2. Feiten en omstandigheden
2.1 Verzoekster is bij besluit van 29 februari 2009 aangesteld in tijdelijke dienst als Administrateur C bij de afdeling Bureau Erfpacht van verweerder, met ingang van 1 februari 2009 tot uiterlijk 1 februari 2010. Het salaris van verzoekster valt voor deze periode in salarisschaal 7, periodiek 8. Het besluit is genomen op grond van artikel 2.4 van de Nieuwe Rechtspositieregeling Gemeente Amsterdam (NRGA).
2.2 Bij besluit van 9 december 2009 is voormelde tijdelijke aanstelling van verzoekster met ingang van 1 februari 2010 verlengd tot 1 februari 2011. Het salaris van verzoekster valt voor deze periode in salarisschaal 7, periodiek 9.
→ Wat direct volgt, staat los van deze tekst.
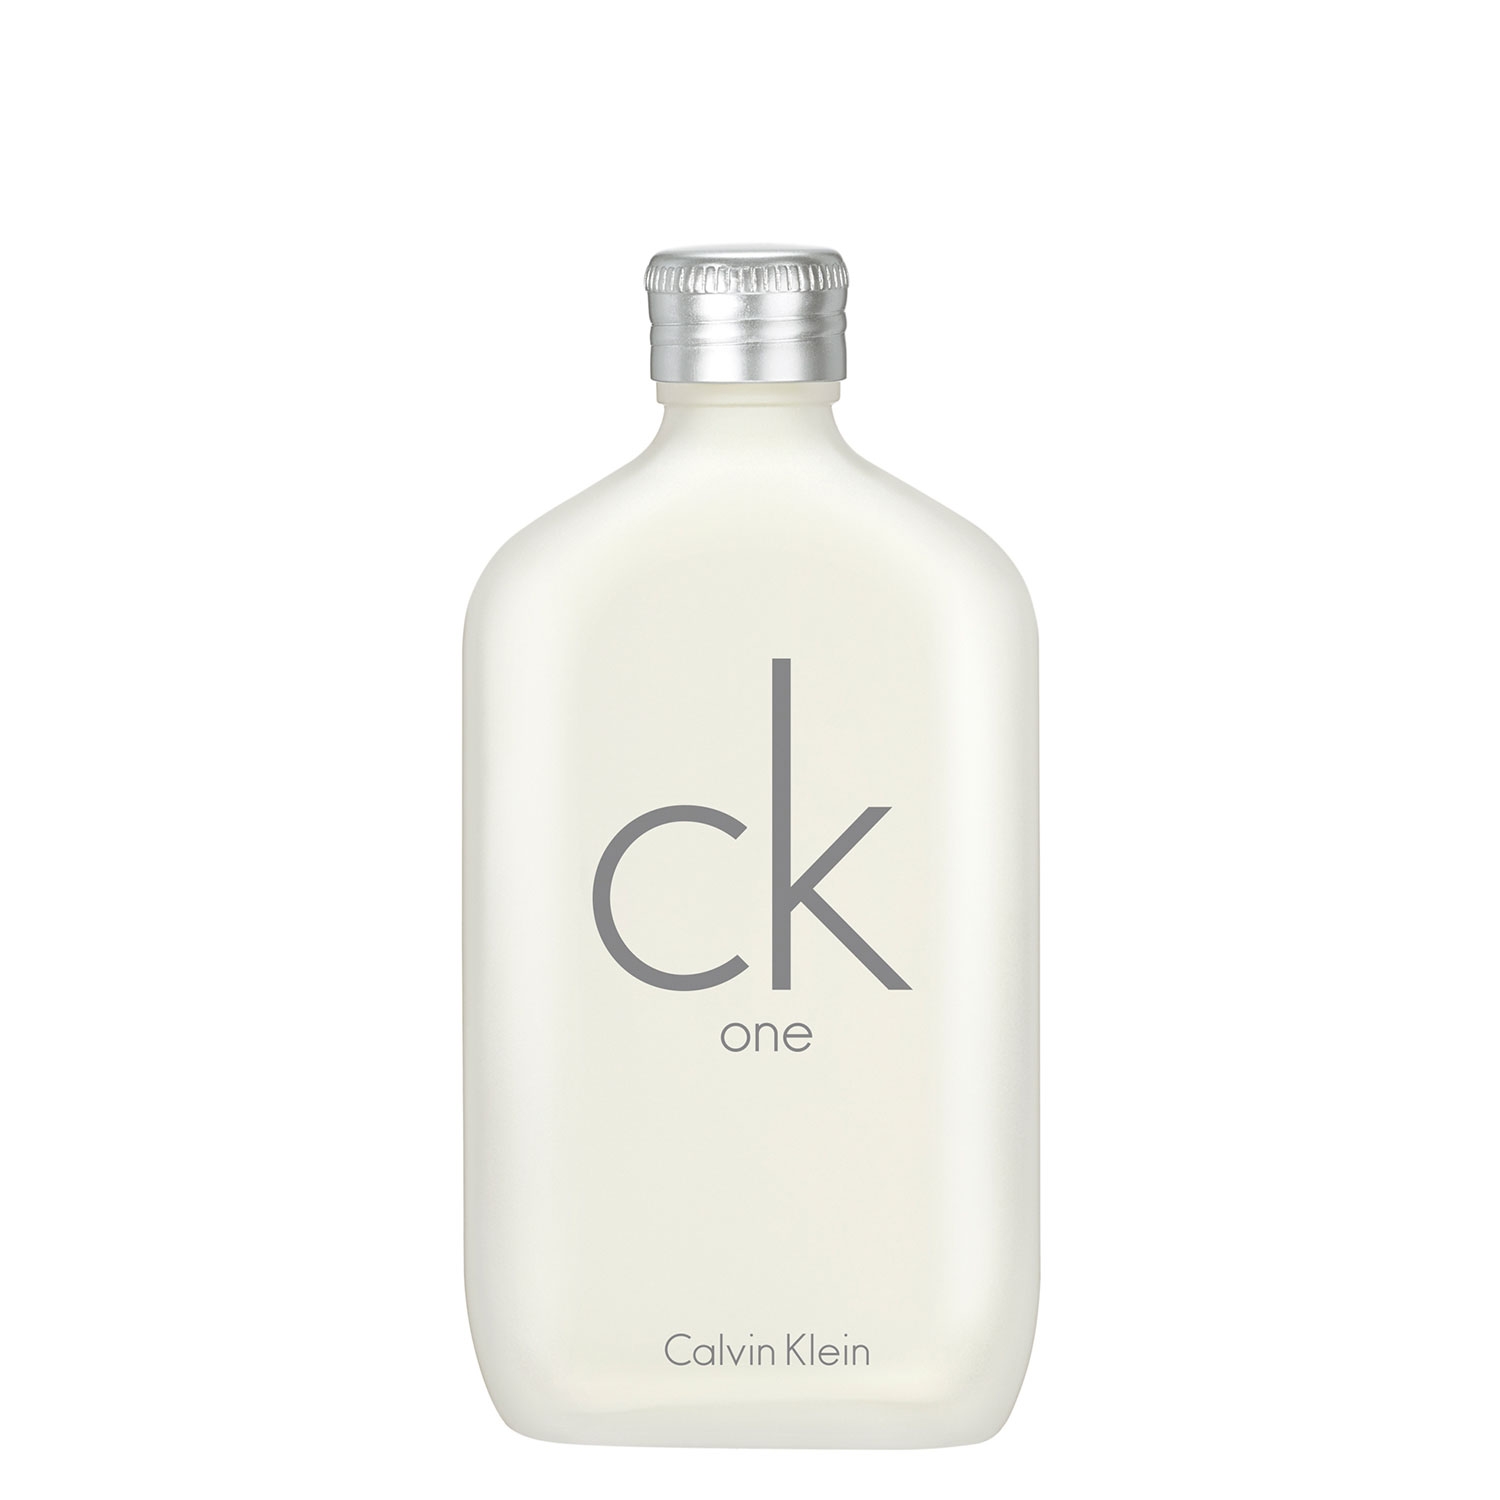 Product image from CK One - Eau de Toilette

2.3 Bij besluit van 10 december 2010 is voormelde tijdelijke aanstelling van verzoekster opnieuw verlengd met ingang van 1 februari 2011 tot 1 februari 2012. Het salaris van verzoekster valt voor deze periode in salarisschaal 7, periodiek 10.
2.4 Bij besluit van 27 december 2011 is verzoekster meegedeeld dat haar aanstelling in tijdelijke dienst voor bepaalde tijd eindigt per 1 februari 2012.
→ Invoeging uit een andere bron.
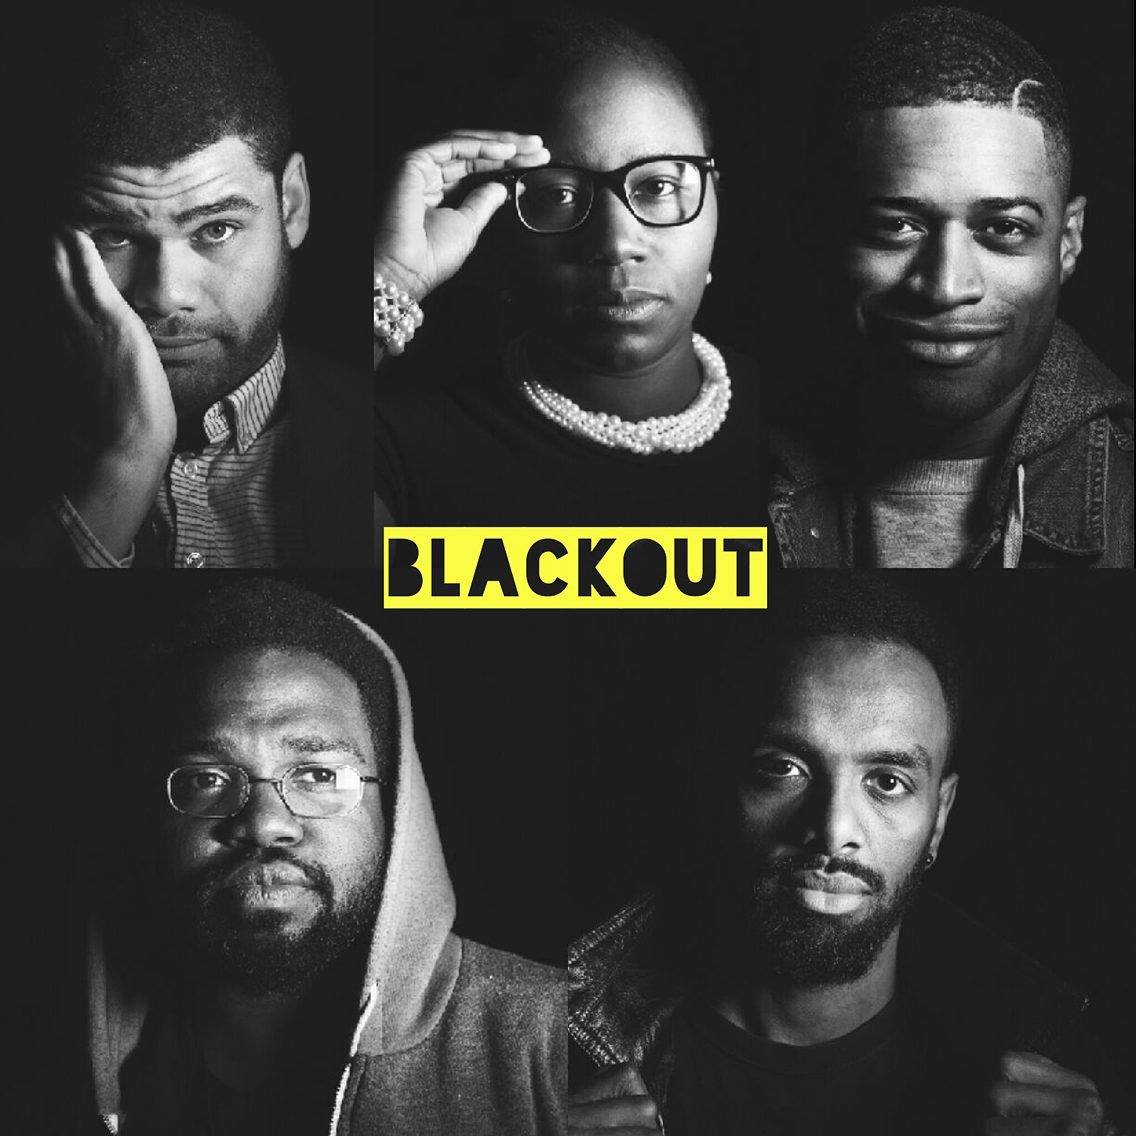 Blackout Podcast
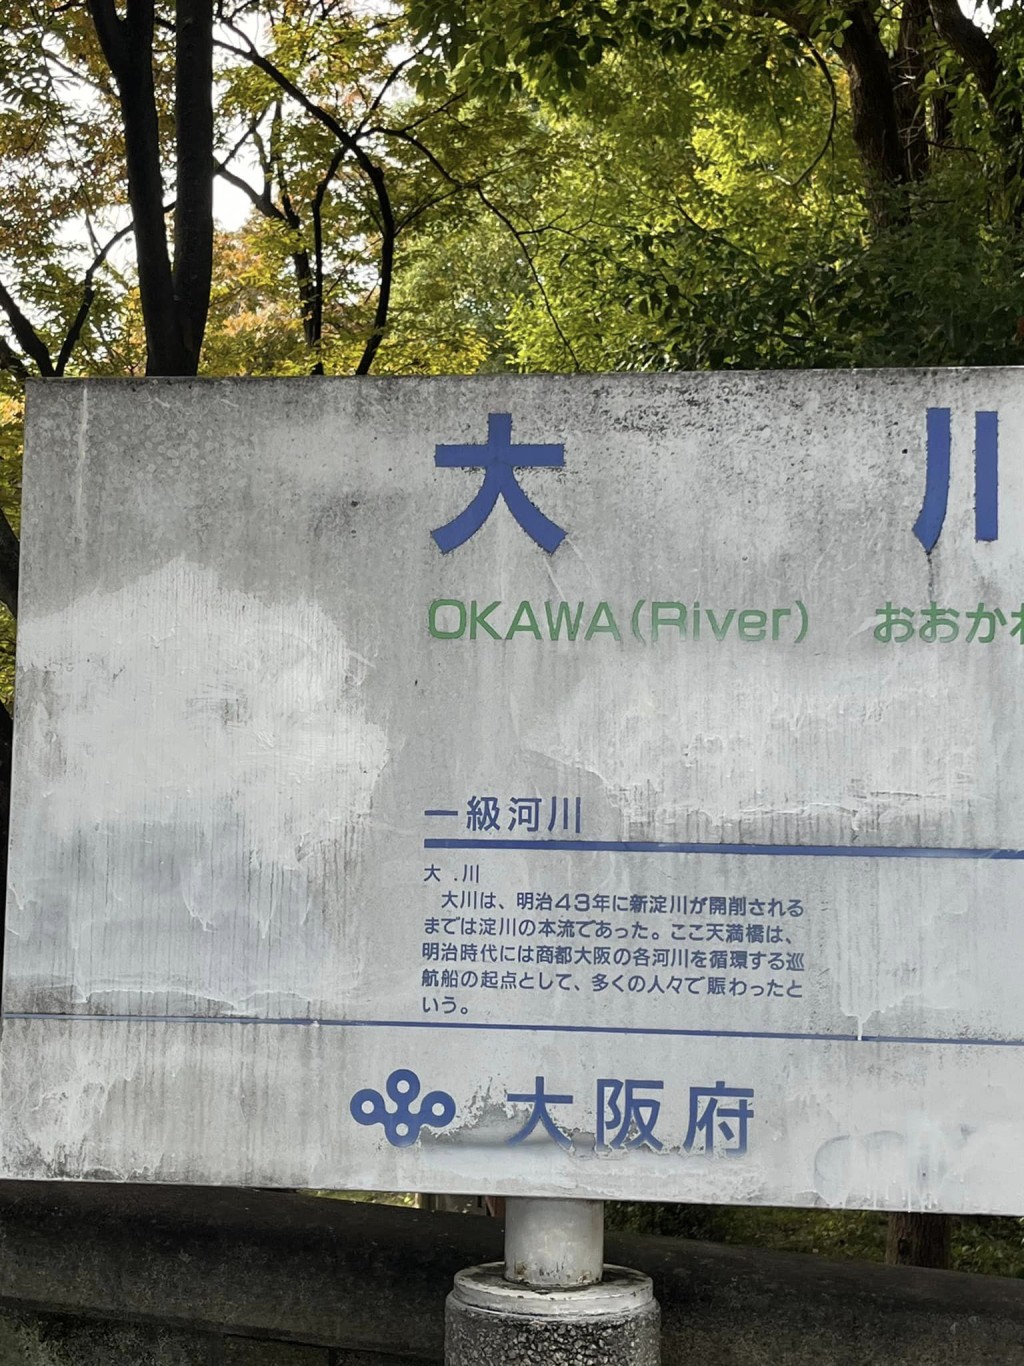 大阪的河流、土壞及地下水，疑受到PFOA污染。FB

2.5 Op 14 november 2011 heeft verzoekster gesolliciteerd naar de functie van Senior Medewerker Kwaliteitsbeheer bij de afdeling Bureau Erfpacht van verweerder. Bij besluit van 3 januari 2012 is verzoekster aangesteld in tijdelijke dienst bij wijze van proef in de functie van Administrateur op de afdeling Bureau Erfpacht van verweerder, met ingang van 1 januari 2012 tot 1 juli 2012. Het salaris van verzoekster valt voor deze periode in salarisschaal 7, periodiek 10. Daarnaast ontvangt verzoekster een maandelijkse toelage die is berekend alsof verzoekster zou zijn ingeschaald in salarisschaal 8, periodiek 7. In het aanstellingsbesluit is verder meegedeeld dat verzoekster in de proefperiode twee beoordelingen krijgt, in de tweede en derde maand, en dat zij bij goed functioneren een vast dienstverband krijgt. Het besluit is genomen op grond van artikel 2.3 van de NRGA.
2.6 Over het functioneren van verzoekster heeft op 20 maart 2012 een tussentijdse evaluatie plaatsgevonden en zijn drie beoordelingsgesprekken gevoerd op 26 april 2012, 25 juni 2012 en 13 augustus 2012. Uit de verslagen van de beoordelingsgesprekken van 26 april 2012 en 25 juni 2012 blijkt dat verzoekster op een aantal beoordelingsaspecten duidelijk tekort schoot, niet aan de eisen voldeed of nog niet aan de eisen voldeed. Verzoekster is tijdens de gesprekken gewezen op de tekortkomingen en zij heeft de beoordelingsformulieren ondertekend. Verzoekster is vervolgens gelegenheid geboden om op deze aspecten te verbeteren. Daartoe heeft verweerder bij besluit van 30 juli 2012 de aanstelling in tijdelijke dienst bij wijze van proef verlengd tot 1 oktober 2012.
2.7 Bij besluit van 16 augustus 2012 is verzoekster meegedeeld dat haar aanstelling bij wijze van proef niet wordt opgevolgd door een vast dienstverband en dat haar dienstverband bij verweerder eindigt met ingang van 1 oktober 2012.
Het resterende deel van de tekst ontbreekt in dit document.